Note that this function does not check for shortest path interpolation, see sclerpShortestPath() for an alternative.

template<class T> template<class T>
DualQuaternion<T> sclerpShortestPath(const DualQuaternion<T>& normalizedA, const DualQuaternion<T>& normalizedB, const T t)

Screw linear shortest-path interpolation of two dual quaternions.

Parameters
normalizedA First dual quaternion
normalizedB Second dual quaternion
t Interpolation phase (from range $ [0; 1] $ )

Unlike sclerp(const DualQuaternion<T>&, const DualQuaternion<T>&, T) this function interpolates on the shortest path. Expects that both dual quaternions are normalized.
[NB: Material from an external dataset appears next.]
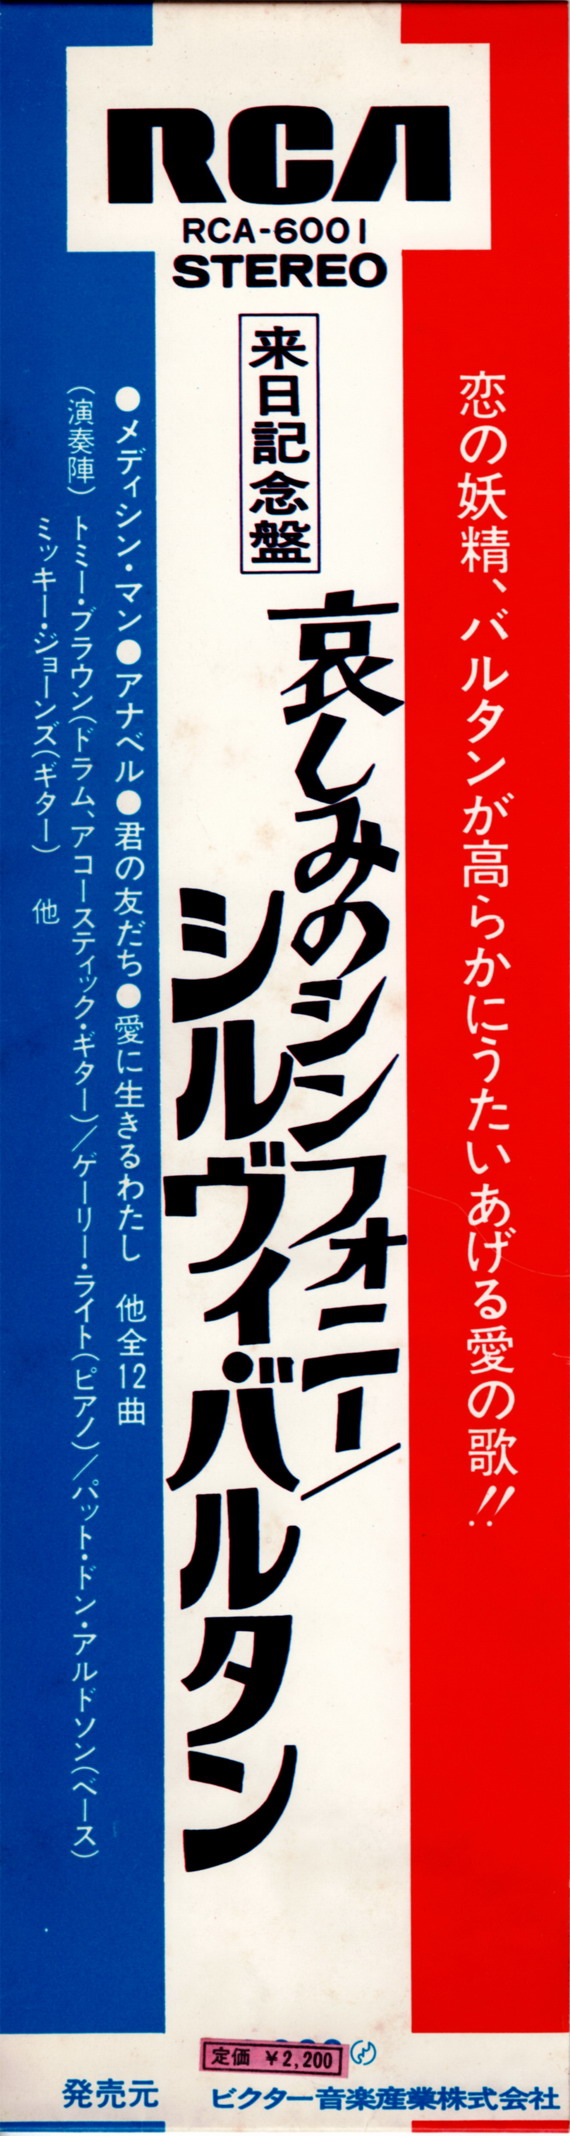 Discographie Japonaise - 3ème partie -  (33 T ORIGINAUX)  - Page 34 Jpn_2936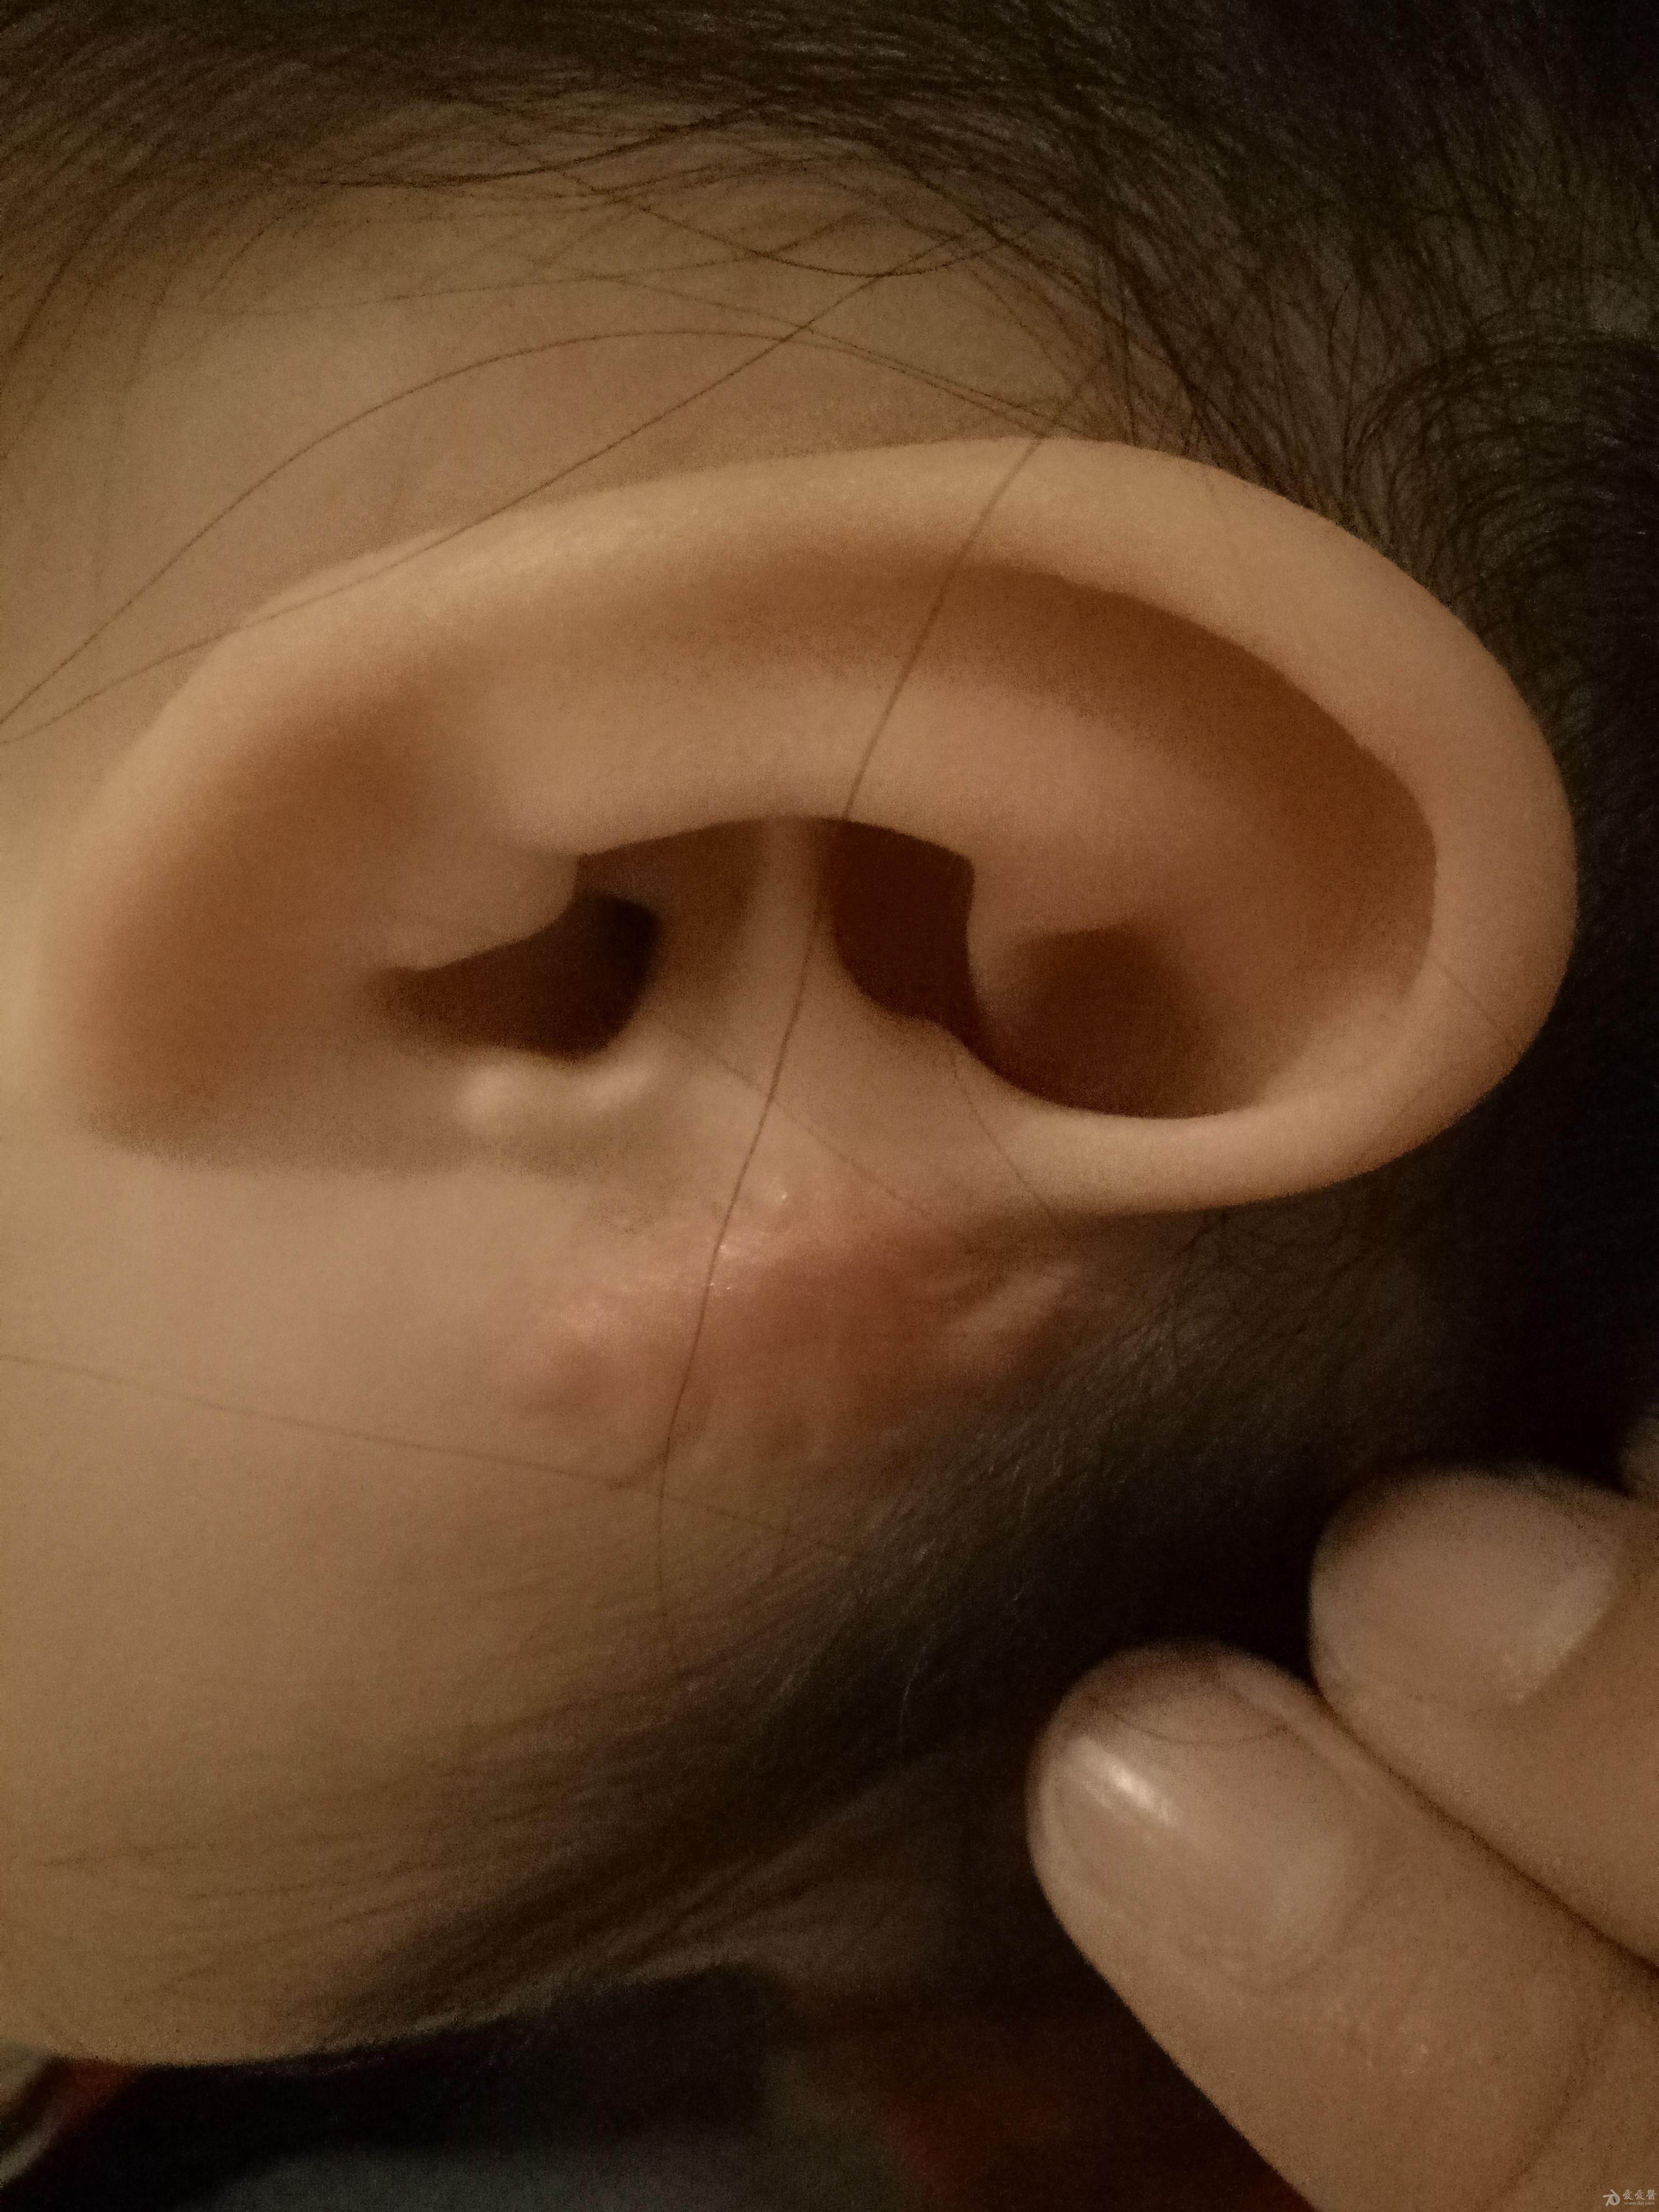 耳前瘘管手术后疤痕图片

If the real parts are the same or one is a negation of the other, returns the DualQuaternion::rotation() (real) part combined with interpolated DualQuaternion::translation():

\[ \begin{array}{rcl} d & = & q_{A_0} \cdot q_{B_0} \\[5pt] {\hat q}_{ScLERP} & = & 2 \left((1 - t)(q_{A_\epsilon} q_{A_0}^*)_V + t (q_{B_\epsilon} q_{B_0}^*)_V \right) (q_{A_0} + \epsilon [\boldsymbol{0}, 0]), ~ {\color{m-primary} \text{if} ~ d \ge 1} \end{array} \]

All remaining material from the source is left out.